What You Don't Know The Story of Jane
by hp5freak
Summary: Jane has been with the Volturi for 200 years. Her gift is well-respected, despite her eternal youthful appearance. Like every other Vampire, Jane was human once... What was her life like before she joined the Volturi? And what happened after...
1. Where It Began

I'll have you know, Alec and I didn't start out this way. No. In fact, had just one thing not happened, I'm pretty sure we would have been long, long dead. Or maybe not. Not that I would trade my immortality for humanity. Not at all. It's just a way to illustrate what brought us to today.

It was difficult enough growing up in our village. Truly, since our birth, we had been feared. No the way we are feared now. No, just more silly human superstitions. Our village had never had a set of twins born who both survived infancy. So, rather ridiculously, the villagers would look askance when we would cross paths. It didn't help that our mother was looked down upon as well. Our mother was a beautiful woman…and that, too, was an issue. For, you see, I've mentioned no father.

From the time we were young, Alec and I understood just what it was that kept our stomachs from growling too much, what it was that kept the rain mostly off our heads and that there was just enough for us to have poor, but serviceable clothes. Mama's clothes, naturally, were much more decadent than ours…but still it bore the mark of the village whore.

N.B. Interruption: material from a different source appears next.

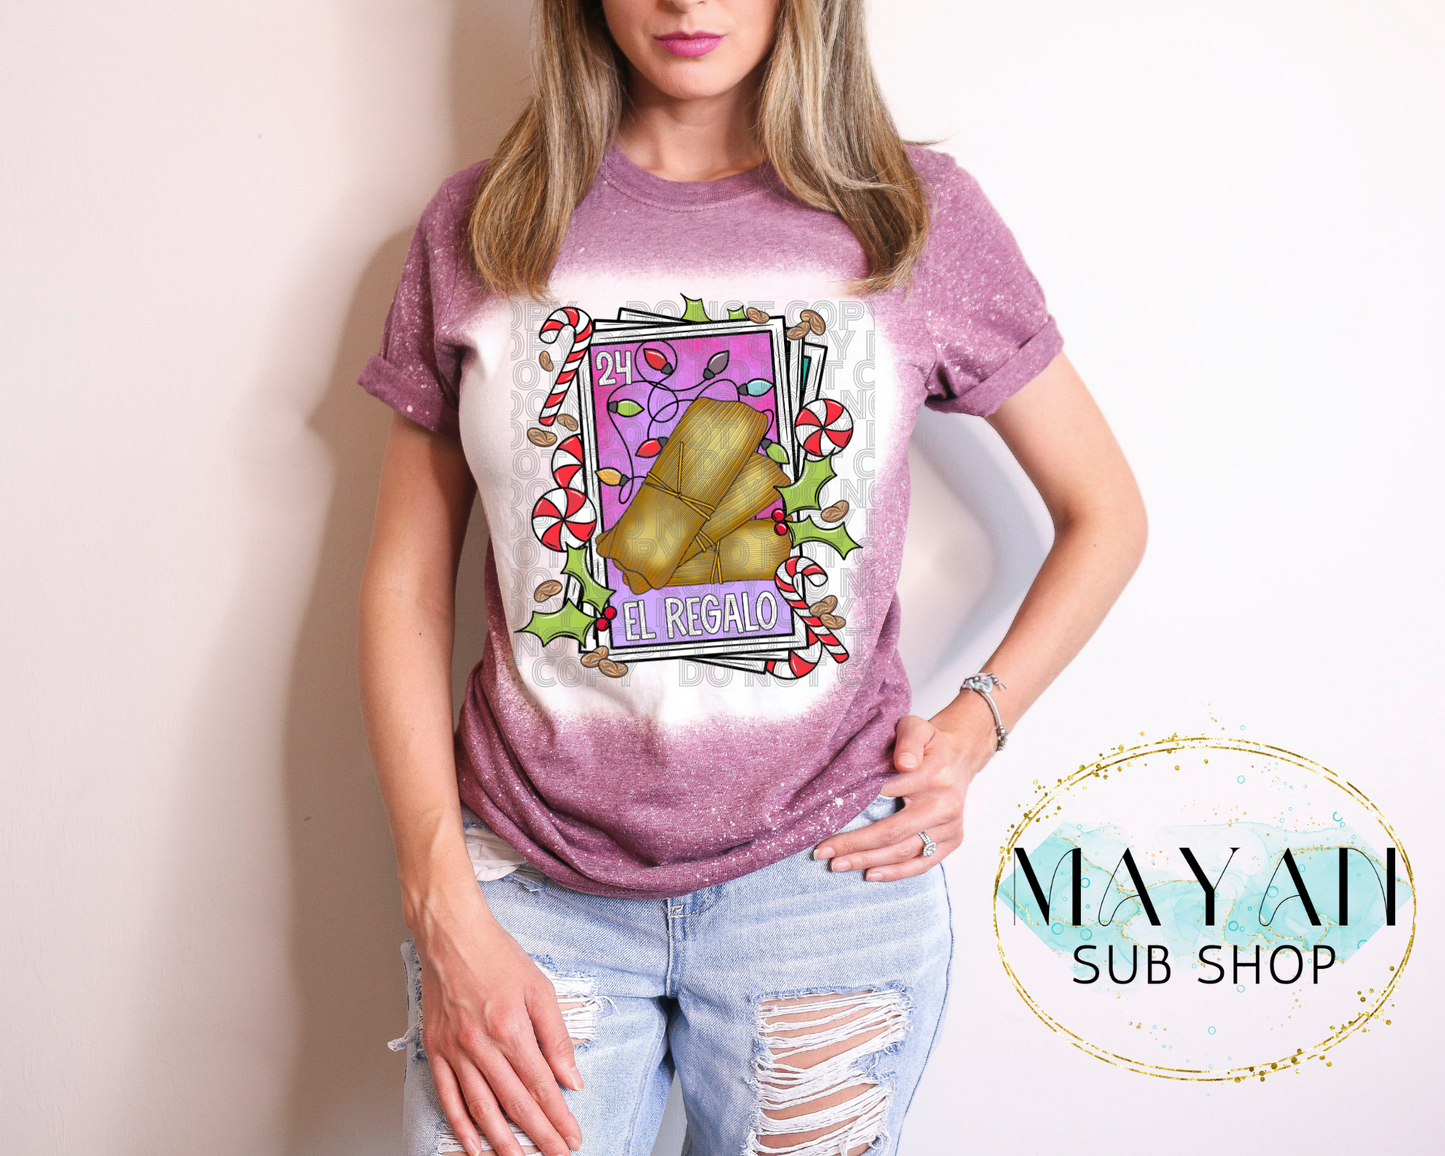 El regalo in heather maroon bleached shirt. -Mayan Sub Shop

Most of the village women ignored Mama when we would go out in public, which was not all that often. The women all knew who Mama was…and they ignored her, snubbed her publicly. But in private? Late at night, they would knock timidly on the framework of our hovel, asking for love spell, potions, talismans, that kind of drivel. Mama didn't actually practice any sort of witchcraft. Village whore she may have been, but she was not involved in witchcraft. Mostly, she offered common sense advice, alternative ideas and methods, and the occasional placebo for the overly concerned who would not leave without something physical.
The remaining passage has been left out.